Gutiérrez talks about another project, an initiative called “Green Light NY: Driving Together,”which would allow migrant workers to get driving licenses, providing them with ID as well as means of transportation.
“This would allow workers to drive places on their own and get food,” Hernandez says, “and we want the farmers to support this because it would benefit them, it’s not just us who are going to get benefited from this."
The Problem with Growth
The combination of a) lack of inspection due to loose regulations, b) lack of worker representation because of fear speaking of out based around the political dialogue around immigration and immigration law, and c) continually lowering milk prices, presents a fundamental problem.
The impact of this continued growth can be seen in everything from labor conditions and farmer pay to the environment. The “relentless capitalistic drive to efficiency,” (as Snow explains it) continues to push the price of milk down which dairy farmers’ pay is based on. As farmers make less money from the milk they sell, they are pushed to either expand production or cut corners on things like workers’ safety and environmental regulations.
“There’s a strong entrepreneurial spirit in this country,” says Snow, “even the Secretary of Agriculture said farms need to quit expanding but, they’re just shooting themselves in the foot.”

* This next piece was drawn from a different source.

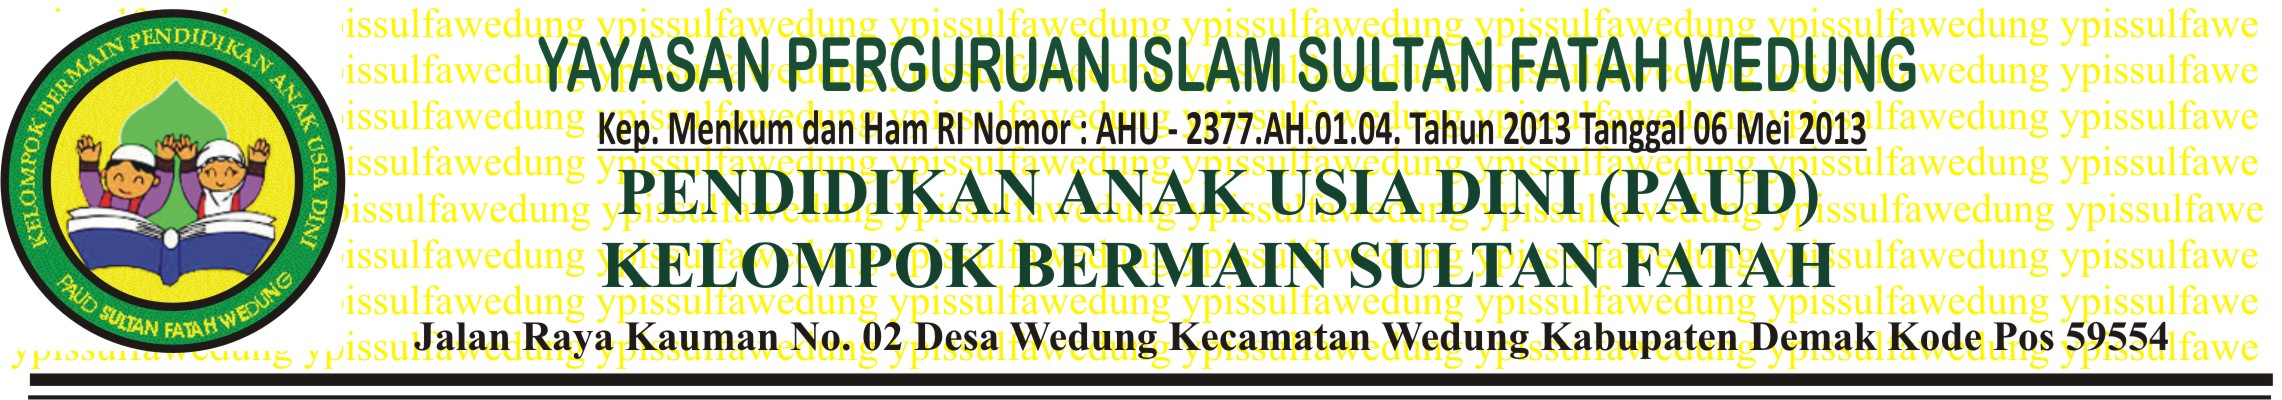 Kop Surat Paud Perguruan Islam Sultan Fatah Wedung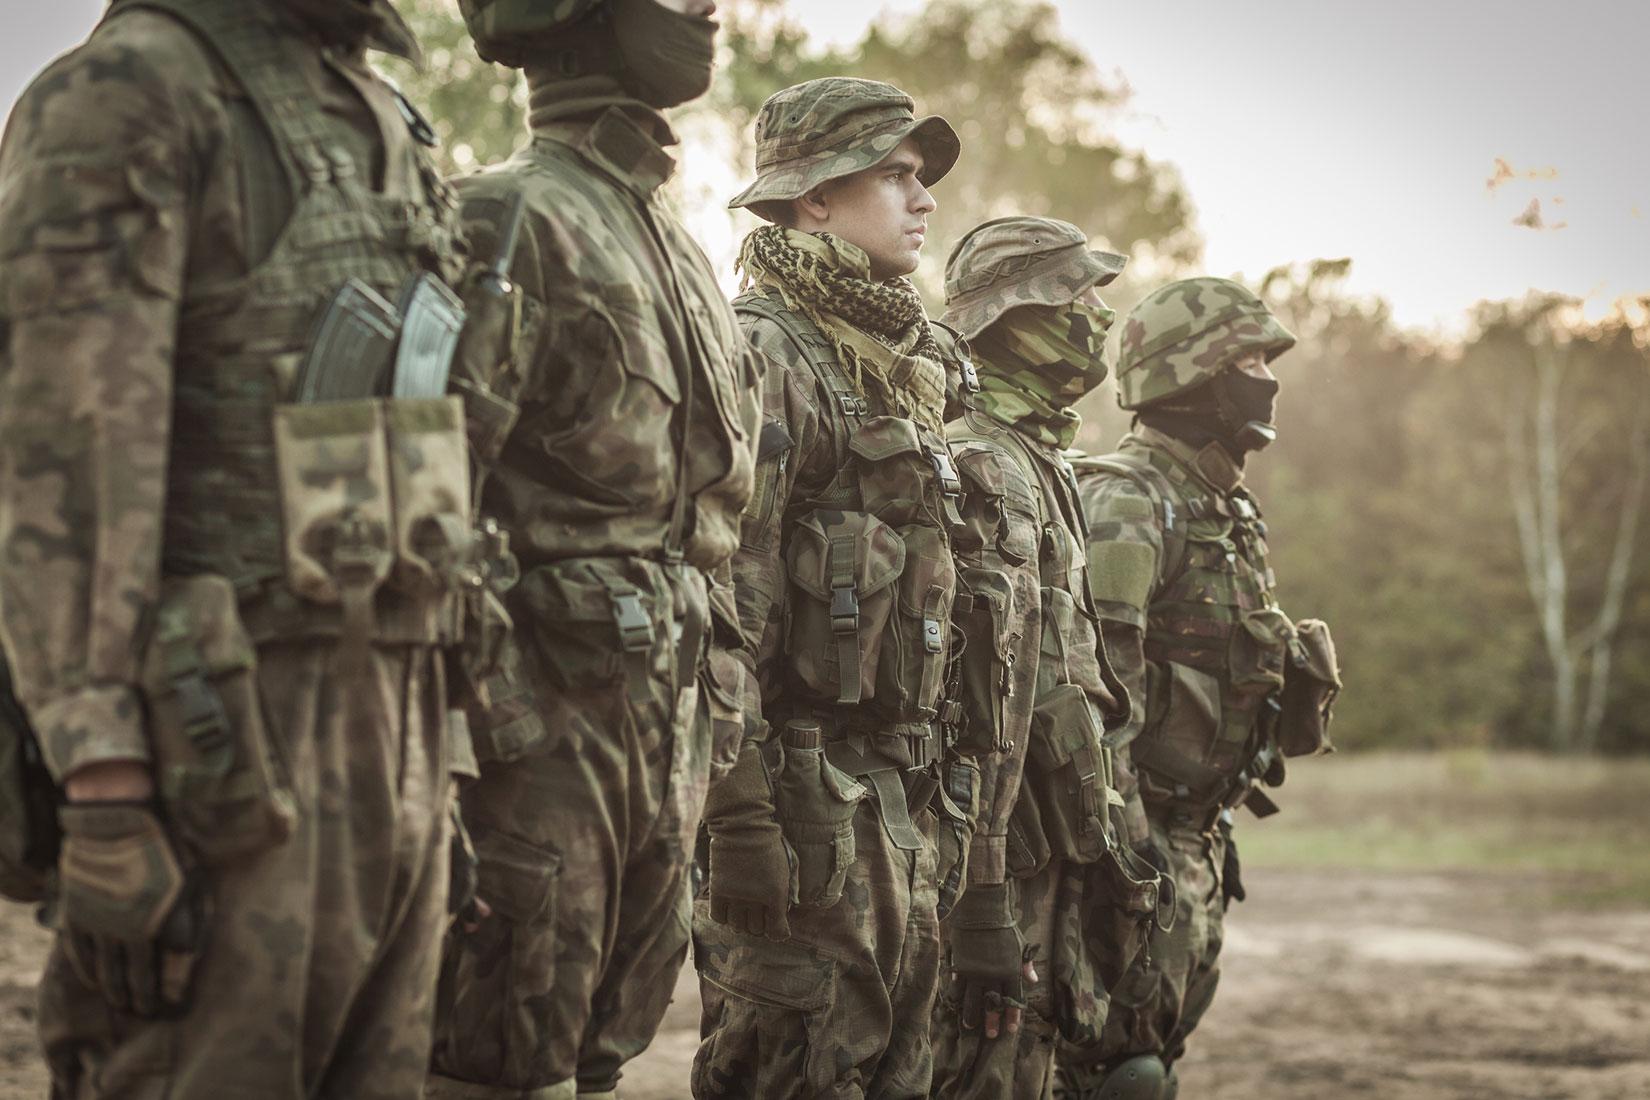 戦時作戦統制権返還を前に国連軍司令部機能強化の動き

Snow advocates something he calls “supply management,” akin to a quota system for milk production. “Supply management system says, ‘O.K. cow you’ve been making a xamount pounds of milk a year for quite a while we’ll give you that quota,’” Snow explains. “And then there’s gonna be a board that says ‘O.K. the United States needs about xbillion pounds of milk per year. If they want to up production and need to, they can just give everyone another xpercent [production].”
Uncertain future
Large-scale economic reform in the US is not likely to happen anytime soon, however, and legislation like New York State Senate Bill 2837 and the Greenlight initiative are not guaranteed to pass. In all cases, the danger for workers persists today.
“They want to get the milk production they want, and that’s important, but if an accident happens to a worker, sometimes some farm owners don’t even want to bring them to the hospital. For example, when I had my injury, I was in front of the farm owner and told them my hand was bleeding, and they only gave me a Band-Aid. It shouldn’t be this way. They should have brought me to the hospital. But they didn’t.”
Hernandez adds that whether the law passes or not, what he and others do at the Workers Center of Central New York is continuing to educate workers so that they are aware of their basic rights.
“It’s just not fair. The work is so important because we do the work that no one wants to do,” says Hernandez. “For example, we work 12 hours in the milking parlors. There’s yogurt, there’s cheese, there’s milk, in the supermarkets – that’s because there are workers working 365 days out of the year. And if they get a day off, and extra hours, the farmers complain, but the economy of New York State is one of the strongest, and that’s thanks to the workers.”